Эта выходка не так уж сильно расстроила Льва Николаевича. По свидетельству Татьяны Кузминской он «позлился три дня... и потом решил, что смиренномудрие — главное». Сохранилось полное сарказма письмо, написанное Толстым под впечатлением поступка Каткова в редакцию газеты «Новое время», но так и не отправленное. «Это мастерское изложение последней, ненапечатанной части “Анны Карениной”, — говорилось в нем, — заставляет пожалеть, зачем редакция “Русского вестника” в продолжение трех лет занимала так много места в своем журнале этим романом. Она могла бы с такою же грациозностью и лаконичностью рассказать и весь роман не более как в десяти строчках».
Верный друг Страхов одобрил поведение Толстого. «Я видел, как Вы приняли первую выходку Каткова, — писал он, — как взволновались и потом прогнали от себя дурное чувство.
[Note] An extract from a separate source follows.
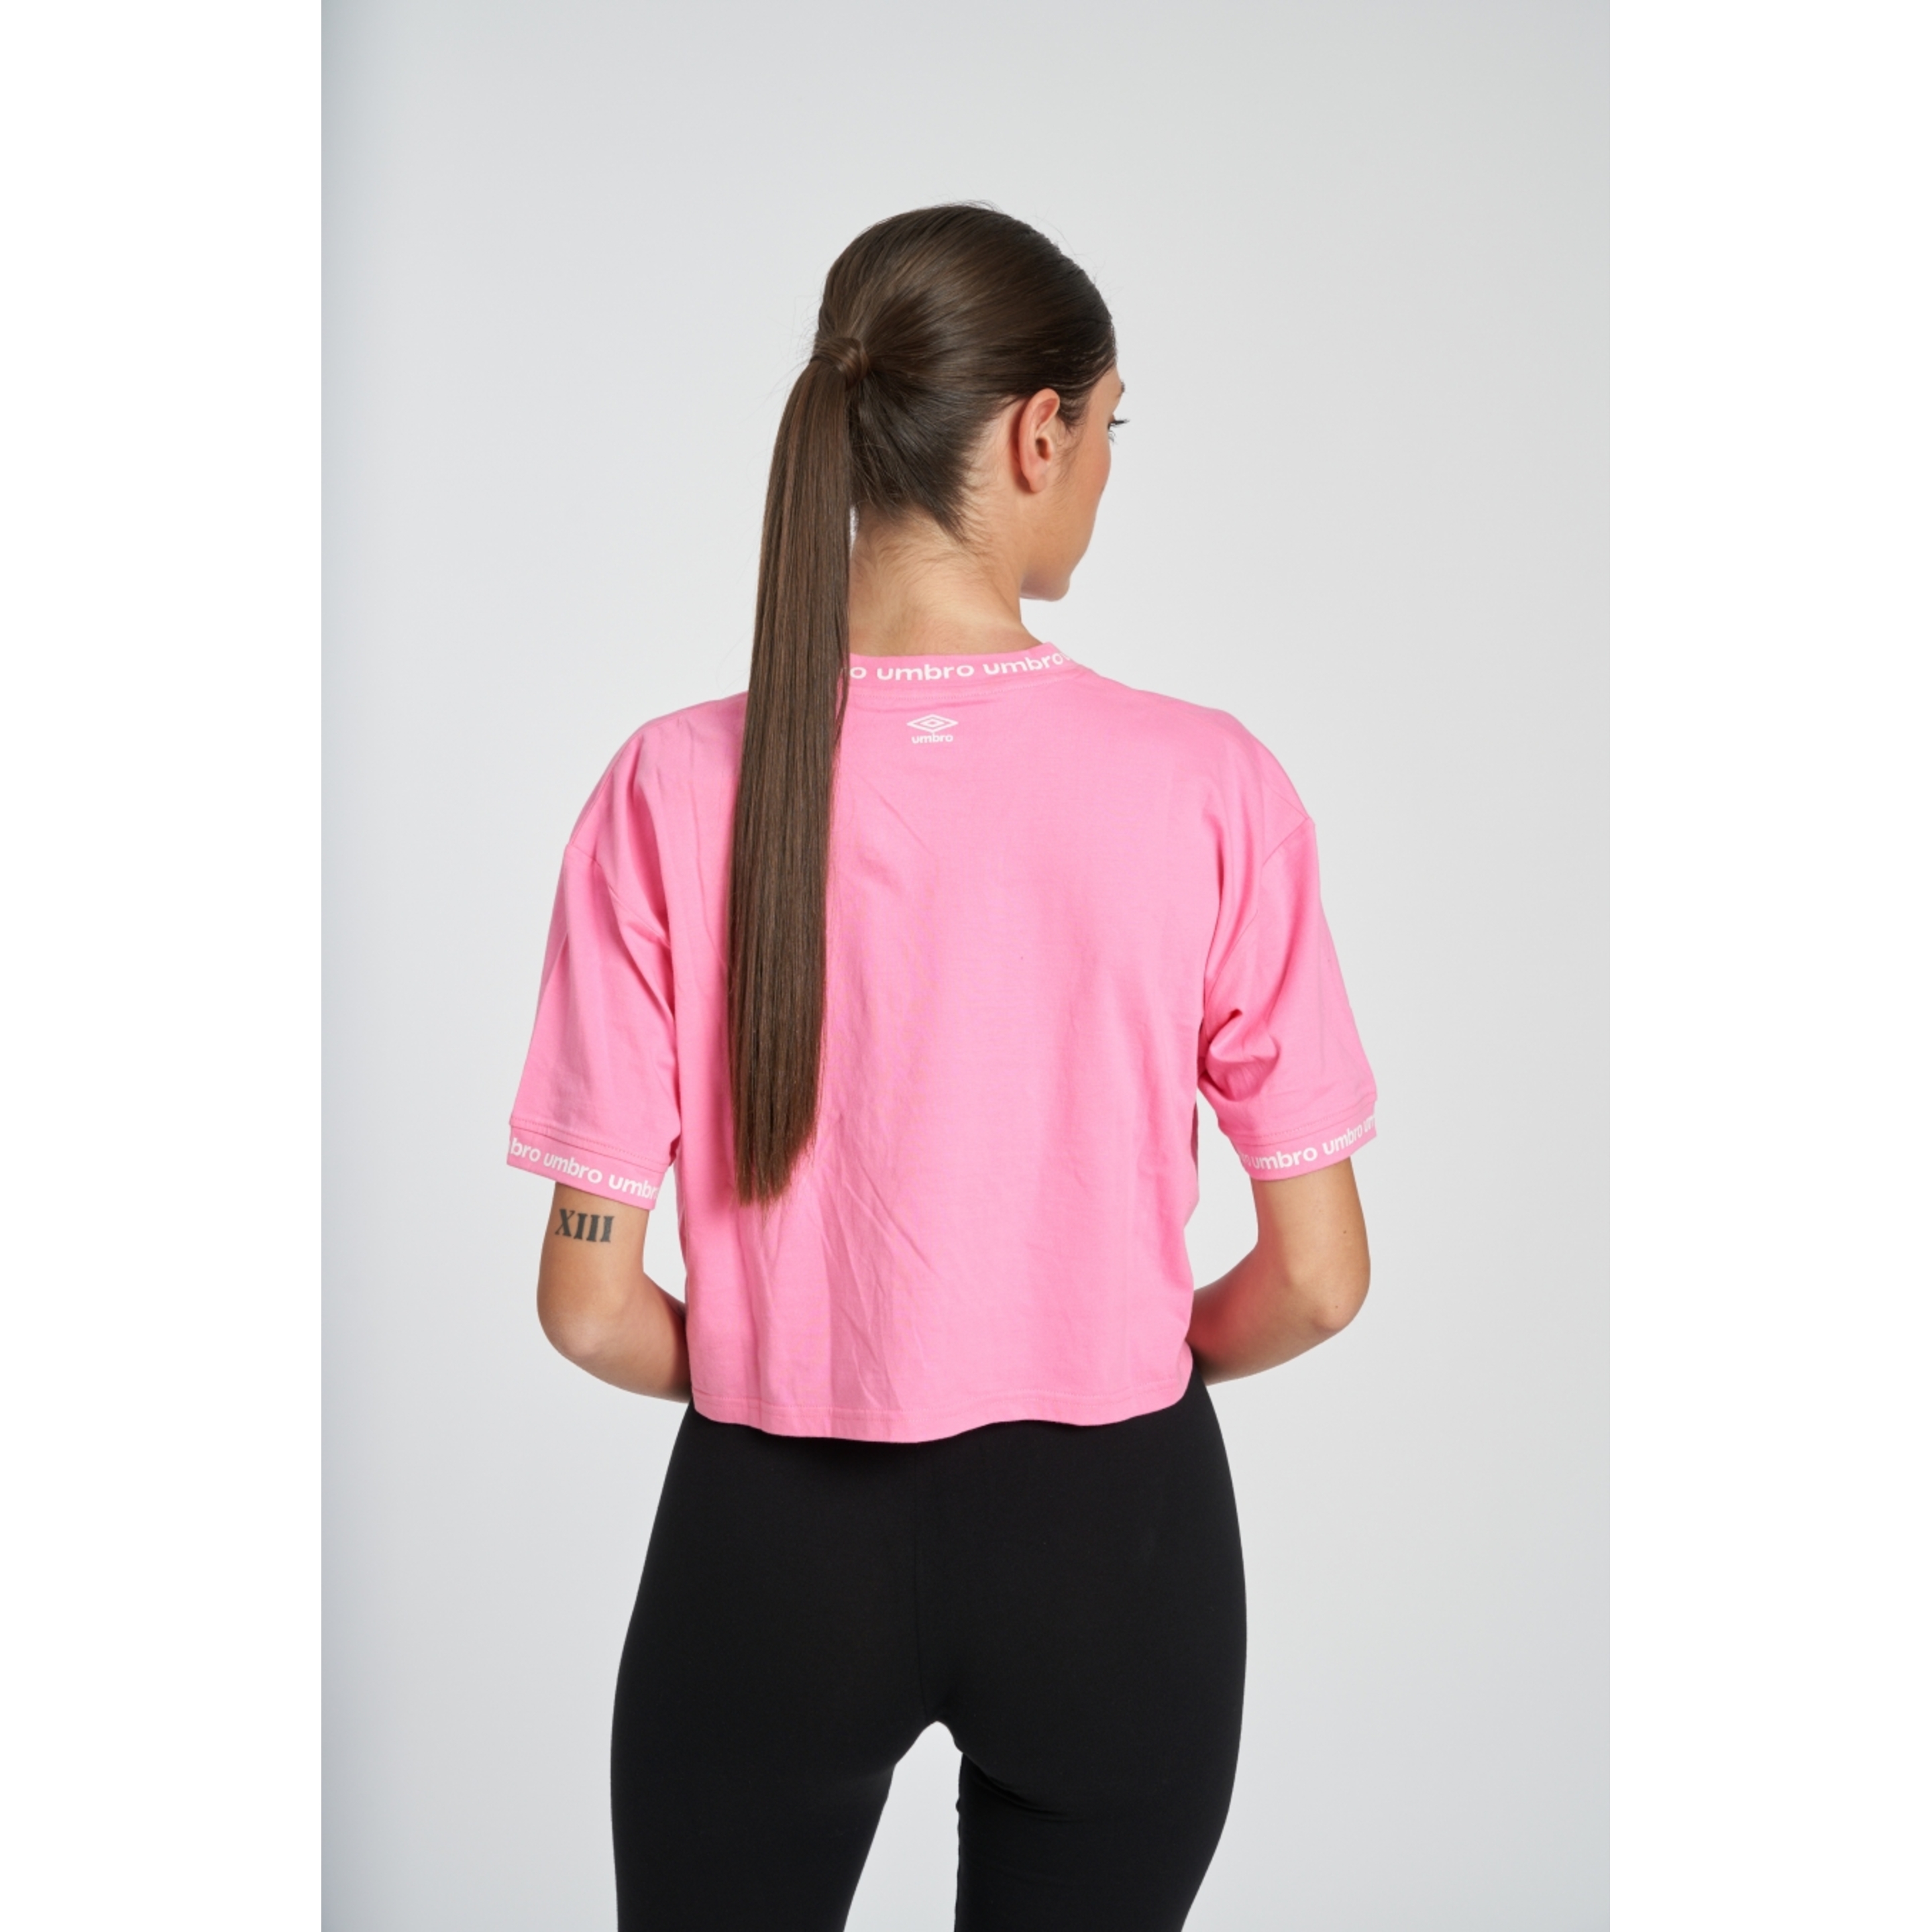 Camiseta Umbro Dorado - Rosa - Camiseta Mujer Manga Corta  MKP

Очень .мне это понравилось».
Софья Андреевна не смогла остаться в стороне. Она написала в «Новое время» свое письмо, правда анонимное, за подписью «Г. С. ***». Письмо было опубликовано. В нем, в частности, говорилось: «Так как я считаю весьма неудовлетворительным лаконическое изложение не приобретенного, но прочтенного редакцией конца романа, то в утешение всем нам, читательницам и читателям, могу сообщить из самых верных источников, что последние главы печатаются отдельной книжкой и появятся в самом непродолжительном времени».
«Мы все одобряли, и Левочка остался доволен», — писала о поступке сестры Татьяна Кузминская.
Окончательный вариант романа «Анна Каренина» вышел в трех томах в 1878 году. Заканчивался он мыслями Левина: «...так же буду спорить, буду некстати высказывать свои мысли, так же будет стена между святая святых моей души и другими, даже женой моей, так же буду обвинять ее за свой страх и раскаиваться в этом, так же буду не понимать разумом, зачем я молюсь, и буду молиться, — но жизнь моя теперь, вся моя жизнь, независимо от всего, что может случиться со мной, каждая минута ее — не только не бессмысленна, какою была прежде, но имеет несомненный смысл добра, который я властен вложить в нее!»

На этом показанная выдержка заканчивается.